● **Exercise goal**
From the line containing "Happy English. ru: 6" to the last line of the listing, transcribe exactly and add nothing else; keep both ends and omit pictures.

● **Data excerpt**
----

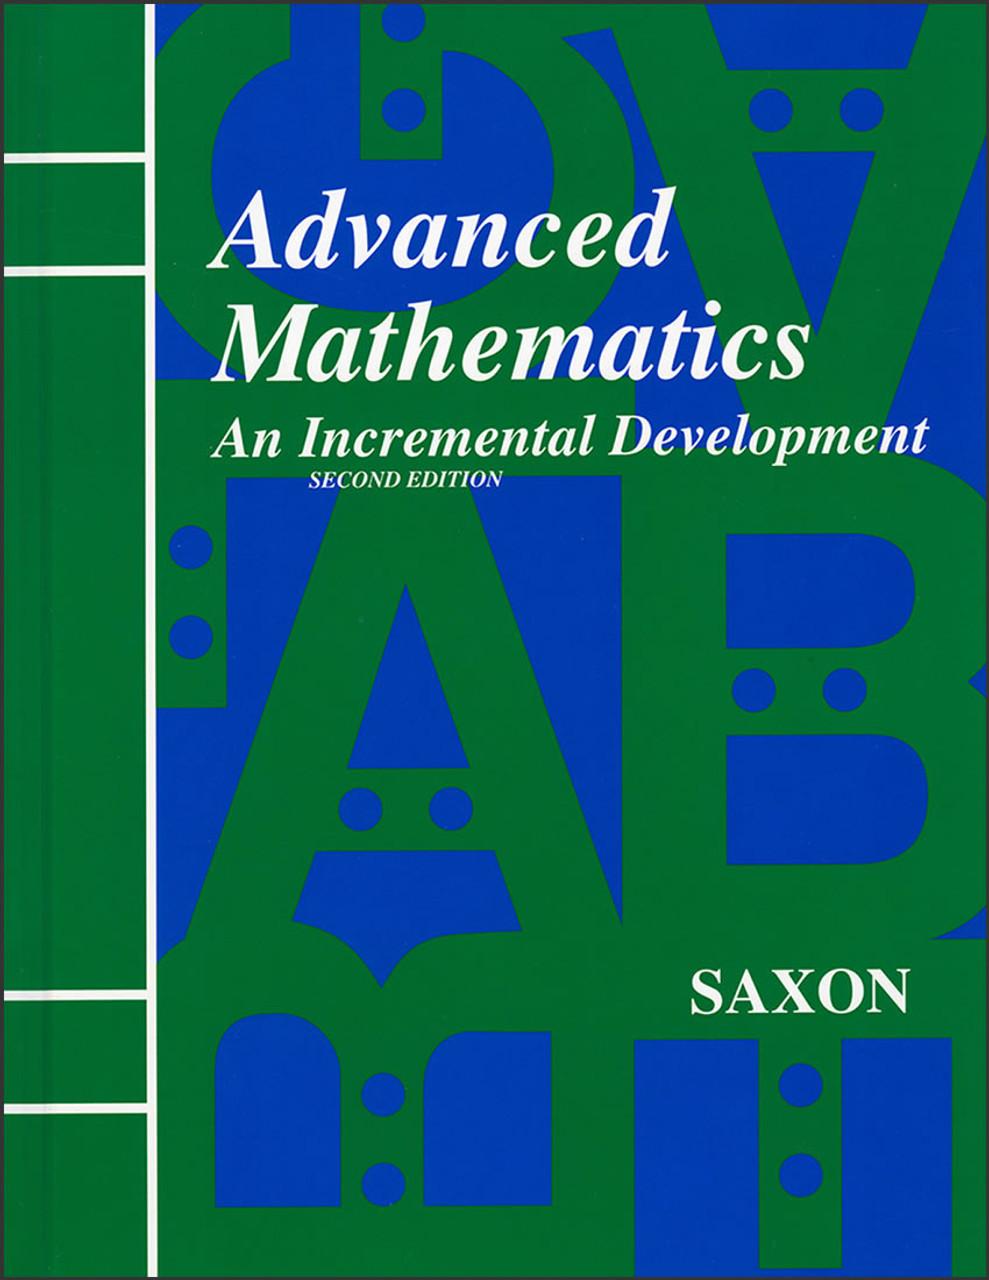 Saxon Advanced Mathematics - Home Study Kit
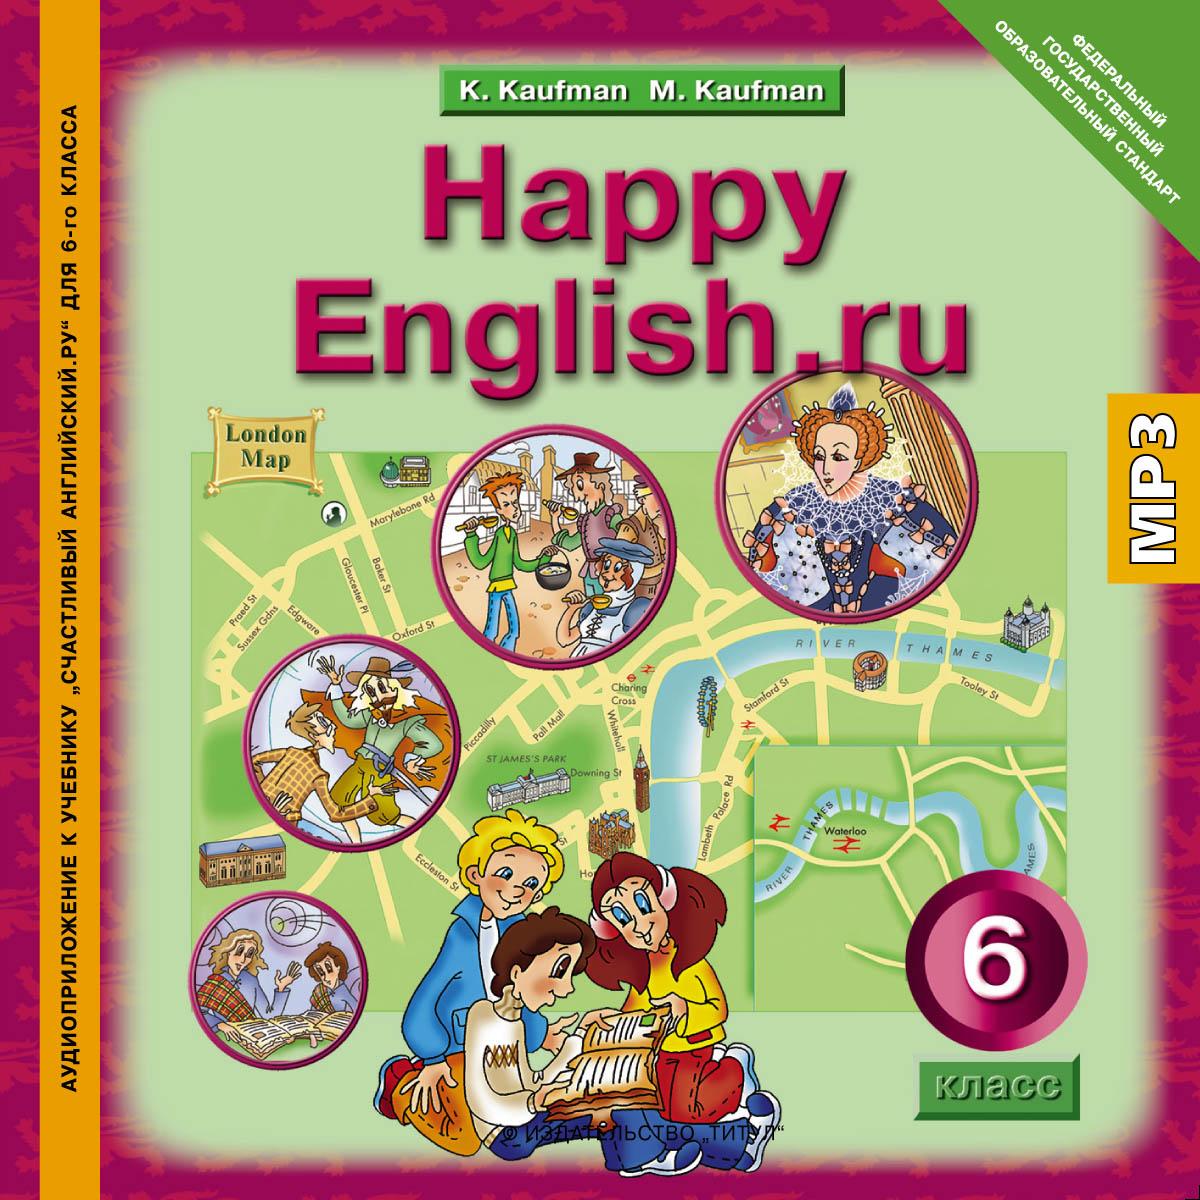 Happy English. ru: 6 /Английский язык. Счастливый английский. ру. 6 класс (аудиокурс MP3)
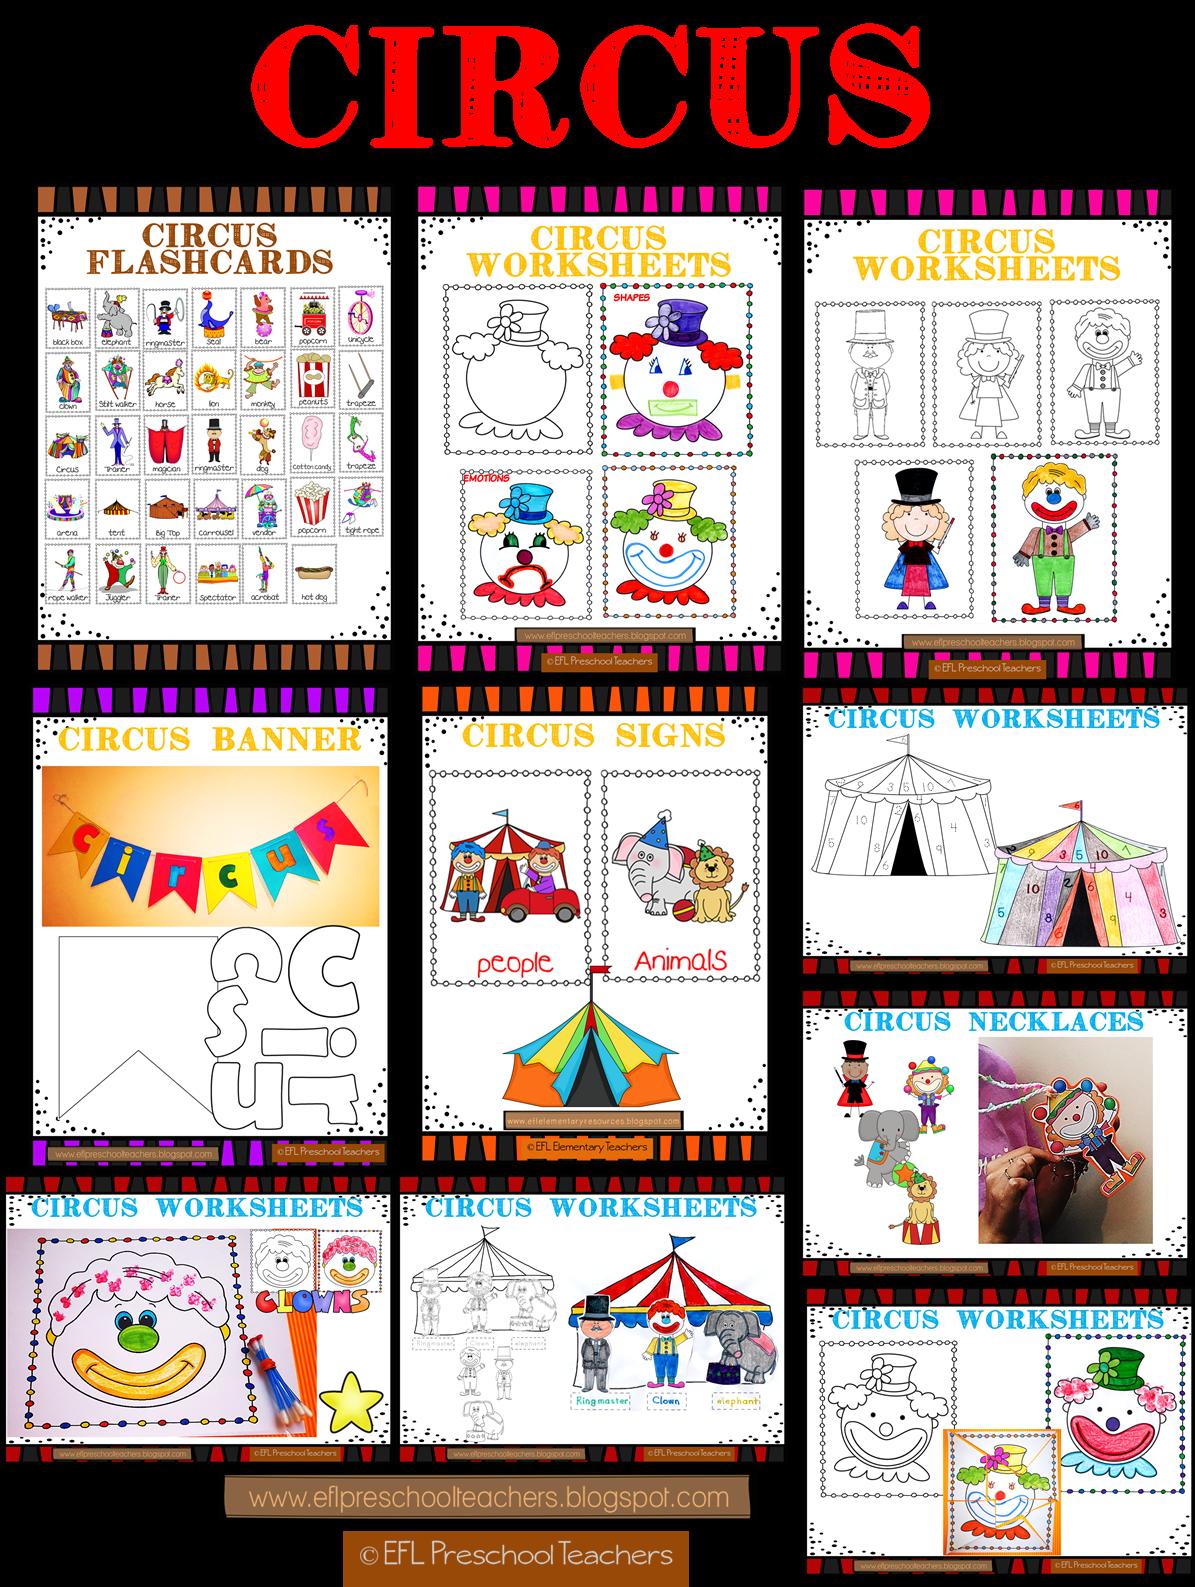 Efl Elementary Teachers Circus Unit For The Elementary Ell

----

● **Your solution**
 Happy English. ru: 6 /Английский язык. Счастливый английский. ру. 6 класс (аудиокурс MP3)
 Efl Elementary Teachers Circus Unit For The Elementary Ell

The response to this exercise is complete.